Low Latency C++ Trading System Notes

Jun 25, 2024

Low Latency C++ Trading System

Introduction

  • Importance of building automated trading systems.
  • Challenges: trading problem and technological problem.
  • Increase in market participation over the last decade.

Why Low Latency is Essential

  • Market makers like Optivia: numerous orders (hundreds of thousands to millions) at any given time.
  • Immediate action required during market-moving events (e.g., canceling obsolete buy orders).
  • Building Blocks of Low Latency Systems:
    • Data Model Access
    • System Tuning
    • Performance Measurement

Designing for Performance

  • Donald Knuth: Premature optimization is the root of all evil.
  • Performance should be considered at the beginning.
  • Strategy vs. Tactics:
    • Strategy: Overall approach to meet performance goals.
    • Tactics: Implementation details.
  • Importance of data modeling for performance.

Goals and Current Latency

  • Goal: handle events with a certain latency distribution (e.g., average less than 100 nanoseconds).
  • Financial market latency requirements are very stringent (e.g., ~10 nanoseconds with FPGA implementation).
  • C++ still relevant for low latency due to the complexity and multiple steps in trading systems.

Data Model Access

  • Profile results show that improper data modeling leads to widespread slowness.
  • Example of optimizing an instrument store: using a stable vector instead of a std::unordered_map for better locality and cache efficiency.
  • Importance of keeping working set size (WSS) small and localized in memory.

Concurrent Access

  • Sharing Data between Applications:
    • Use of ring buffer for events.
    • State and Event approaches for data sharing.
  • Example: SCC Lock (Sequence Counter Lock) for efficient read-write operations.
    • Good for systems with one producer and many consumers.
  • Event Notifications using Shared Memory queues for low-latency communication.

System Tuning

  • Importance of CPU Clock Frequency and Power States (C-states and P-states) for consistent performance.
  • System tuning practices to minimize jitter and ensure stable performance (disable power-saving features when necessary).
  • Optimization techniques include interrupt affinity, CPU core isolation, leveraging huge pages, and NUMA awareness.

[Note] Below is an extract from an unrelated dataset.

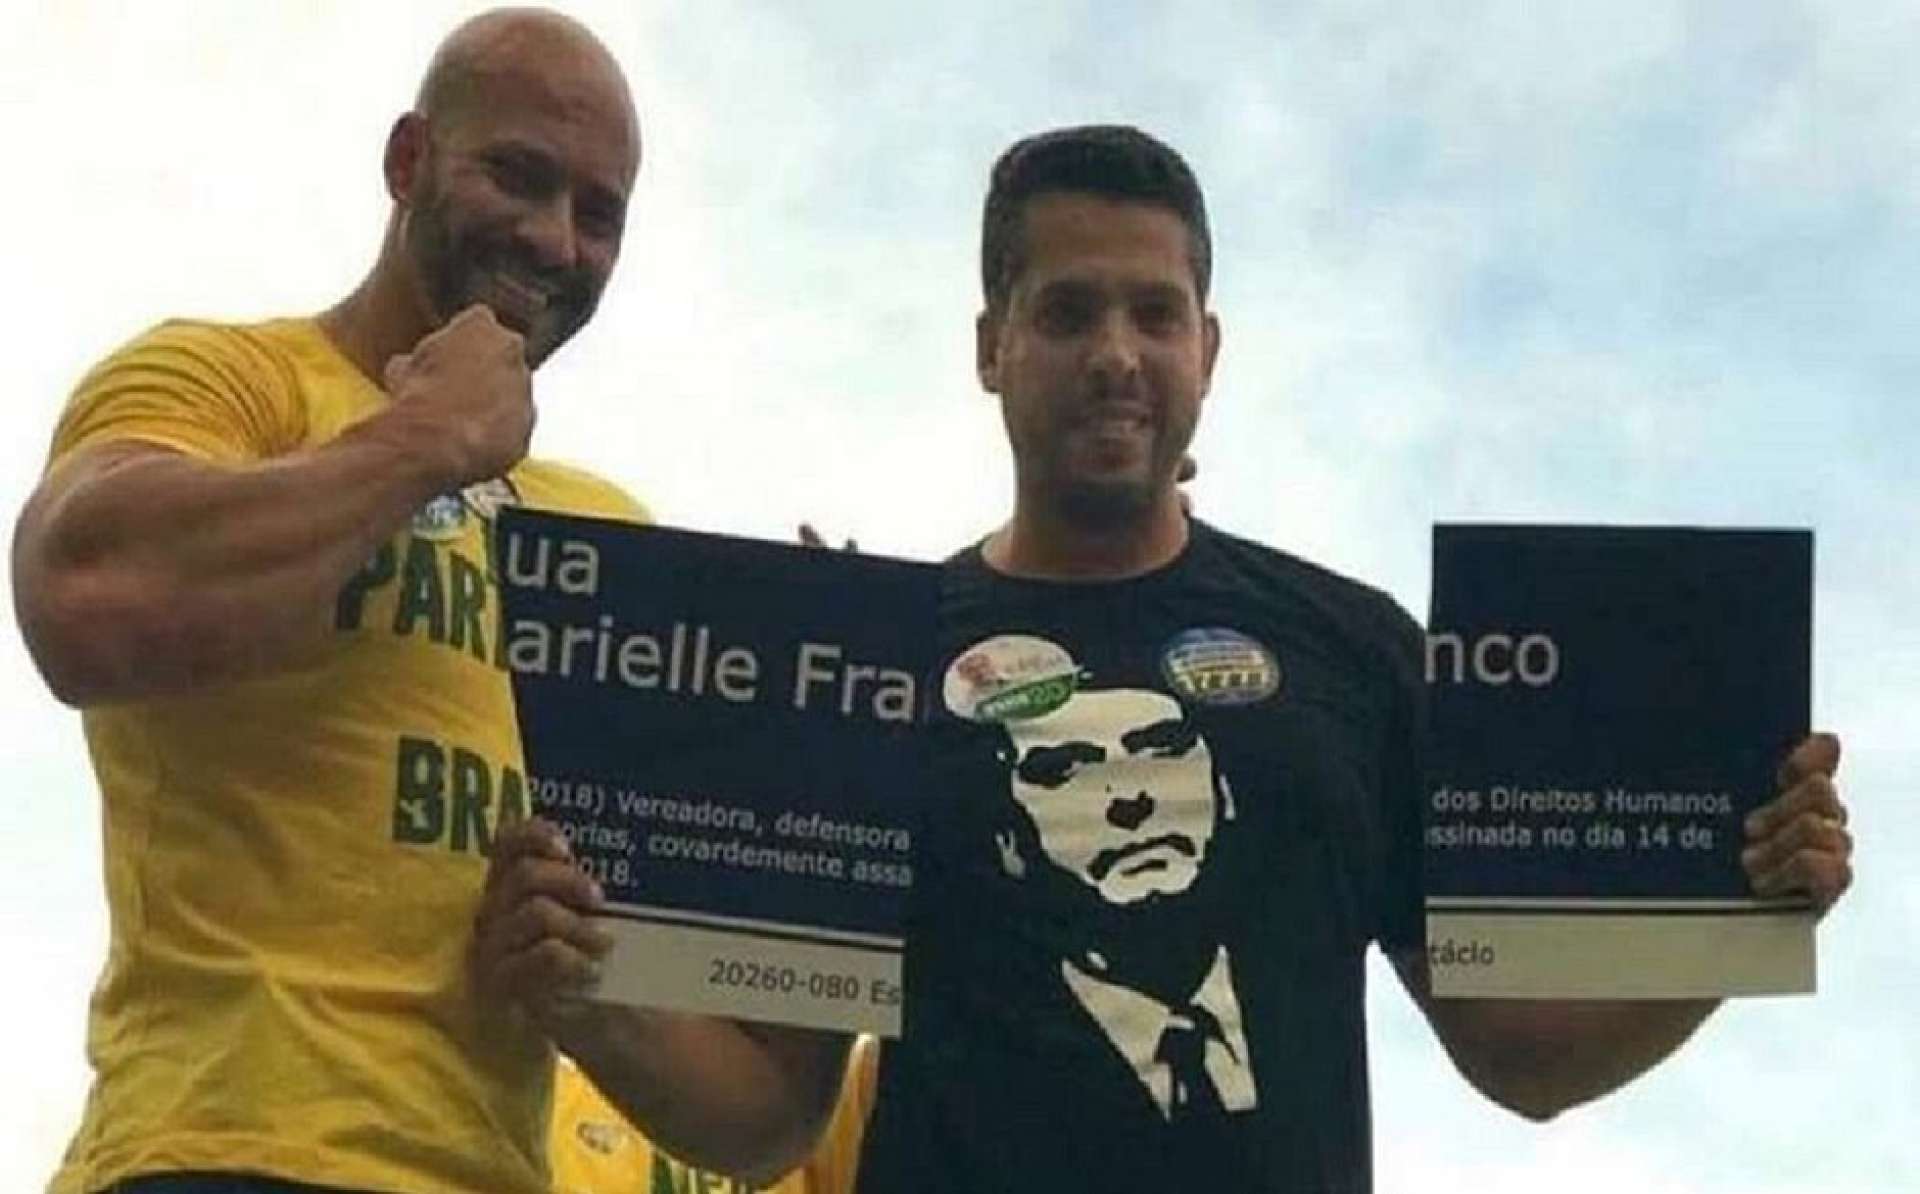 Daniel Silveira, à esquerda, ficou famoso após ajudar a quebrar placa com o nome de Marielle Franco

Performance Measurement and Scaling

  • Continual measurement and monitoring are essential for long-term system performance.
  • Building performance metrics and logging into the system from the beginning.
  • Example of using RdTSC for timestamping and evaluating system performance over time.

Conclusion

  • Summary of key strategies and tactics discussed.
  • Importance of robustness and speed in trading systems.
  • References for further reading on low-latency and data modeling.

References

  • Ulrich Drepper’s paper on memory and cache profiling.
  • Mike Acton’s talk on data-oriented design.
  • Papers on Seq Lock and performance tuning.